On the subject of Executive Order 6102 it’s worth emphasizing that though monetary policy plays relatively little role in folk histories of the Great Depression, the conclusion that Roosevelt’s gold policy was his biggest contribution to recovery is the main view of economists. Take, for example, Christina Romer’s “What Ended The Great Depression”:
In addition to estimating the effects of the tremendous monetary expansion during the mid-and late 1930s, I also examine the source of this expansion and the transmission mechanism that operated between the monetary changes and the real economy. The increase in the money supply was primarily due to a gold inflow, which was in turn due to devaluation in 1933 and to capital flight from Europe because of political instability after 1934. My estimates of the ex ante real interest rate suggest that, coincident with this gold inflow, real interest rates fell precipitously in 1933 and remained low or negative throughout most of the second half of the 1930s. These low real interest rates are closely correlated with a strong rebound in interest-sensitive spending. Thus, it is plausible that expansionary monetary developments were working through a conventional interest-rate transmission mechanism.
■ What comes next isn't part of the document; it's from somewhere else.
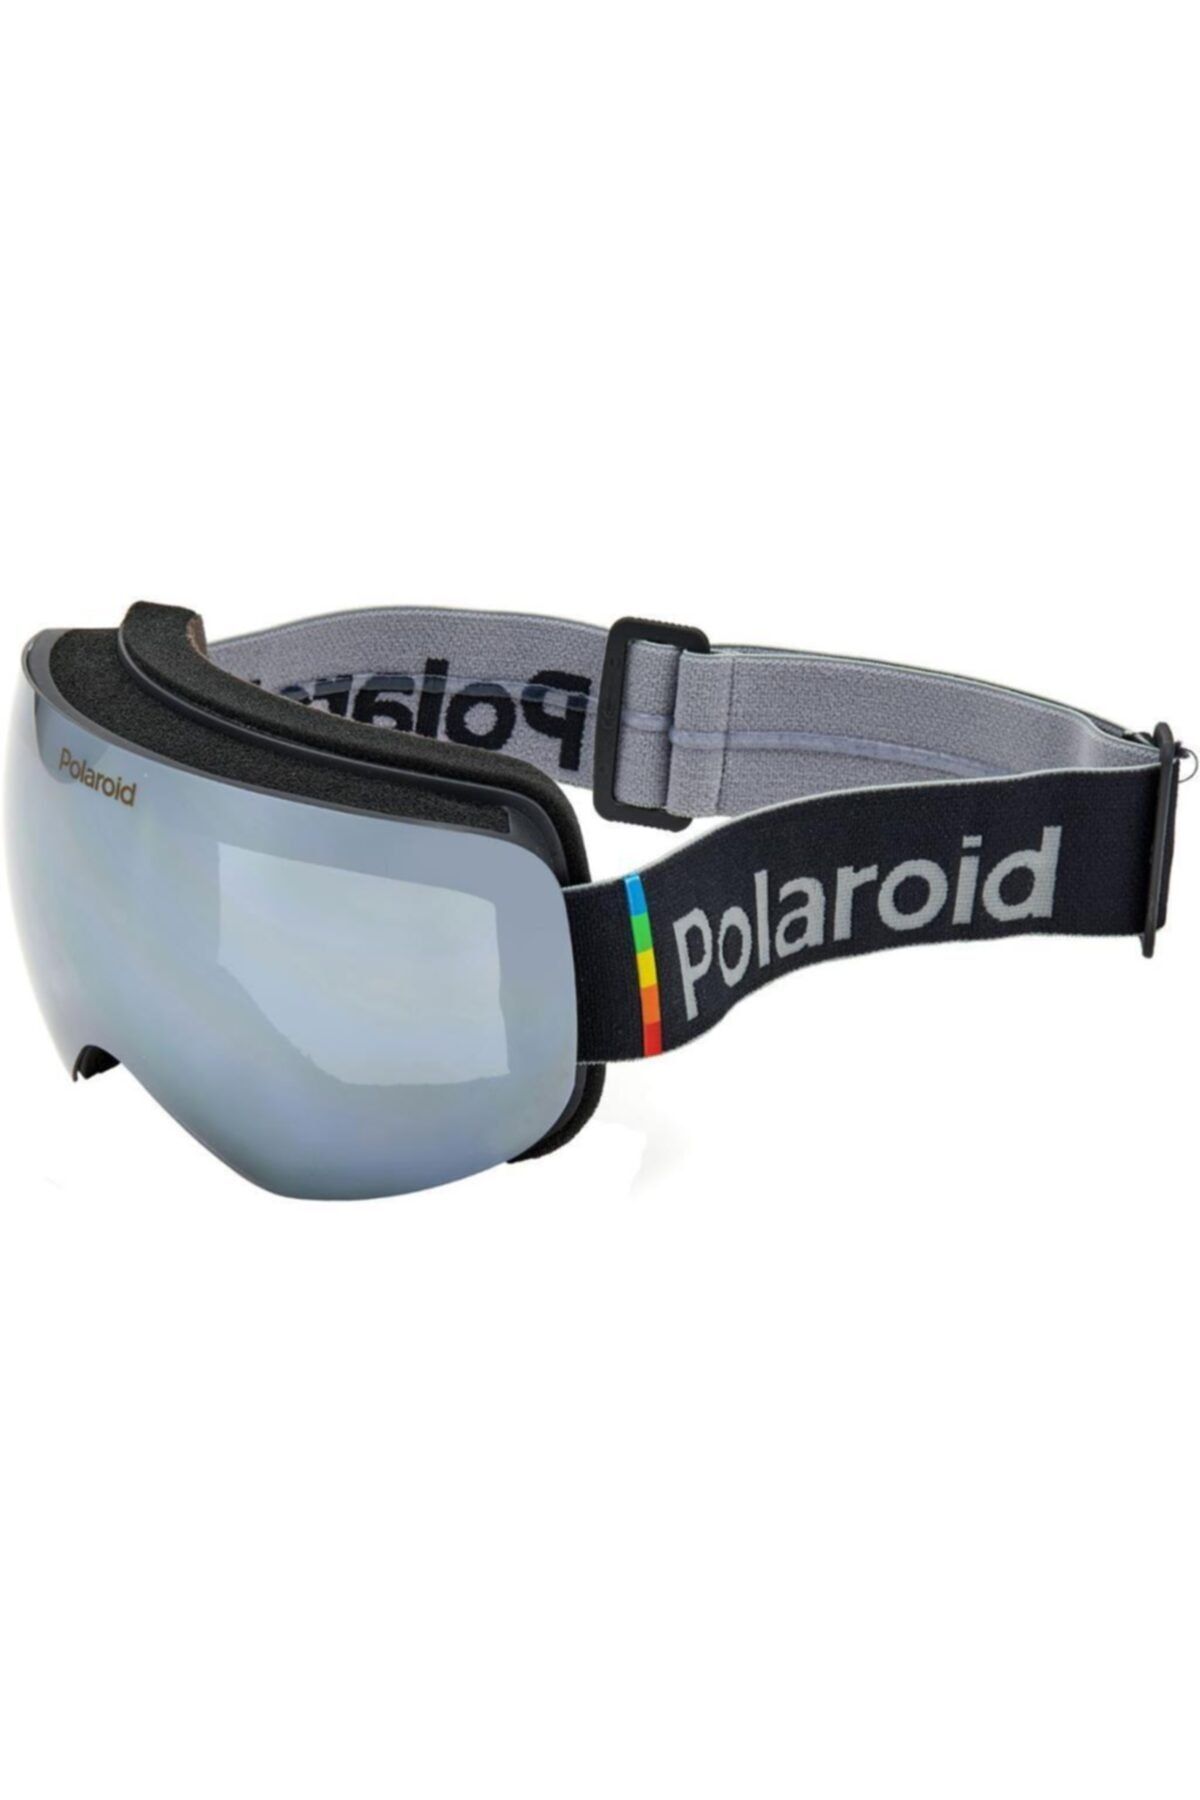 Polaroid Mask 01 9ks M9 Polarize Kayak Gözlüğü

And later in the same paper:
Finally, the Roosevelt Administration’s decisions to devalue and not to sterilize the gold inflow were clearly not endogenous. Barrie Wigmore showed that Roosevelt spoke favorably of devaluation in January 1933. Since this was many months before recovery commenced, Roosevelt could not have been responding to real growth. Indeed, G. Griffith Johnson’s analysis of the Roosevelt administration’s gold policy suggested that, if anything, the Treasury was trying to counteract the Depression through easy money, rather than trying to accommodate the recovery. Johnson and Wigmore also showed that Roosevelt’s desire to encourage a gold inflow was not based on a conventional view of the monetary transmission mechanism, but rather on the view that devaluation would directly raise prices and reflation would directly stimulate recovery.
See also Gauti Eggertsson “Great Expectations and the End of the Depression”. The unfortunate thing is that economists, being economists, are not political historians. Consequently, these kind of accounts tend to slight factors like legal, political, and institutional constraints that loom large in any serious discussion of practical policy options. But obviously the issue that exists today is what measures are available to a President faced with a hostile congress? Or, if you prefer, what measures are available to a Congress faced with an obstinate President in the grips of Kenyan anti-colonial mania?
In her 2009 speech “Lessons From The Great Depression”, Romer summarized this work and cautioned:
In thinking about the lessons from the Great Depression for today, I want to tread very carefully. A key rule of my current job is that I do not comment on Federal Reserve policy. So, let me be very clear – I am not advocating going on a gold standard just so we can go off it again, or that Tim Geithner should start conducting rogue monetary policy.
Romer could, however, be given a job on the Federal Reserve Board of Governors. What’s more, it appears to be the case that a weird loophole in the controlling coinage statute does in fact allow Secretary Geithner to conduct rogue monetary policy by minting large denomination platinum coins. That would be a strange thing to do. But confiscating the nation’s supply of monetary gold based on a WWI-era Trading With The Enemy Act was also a strange thing to do.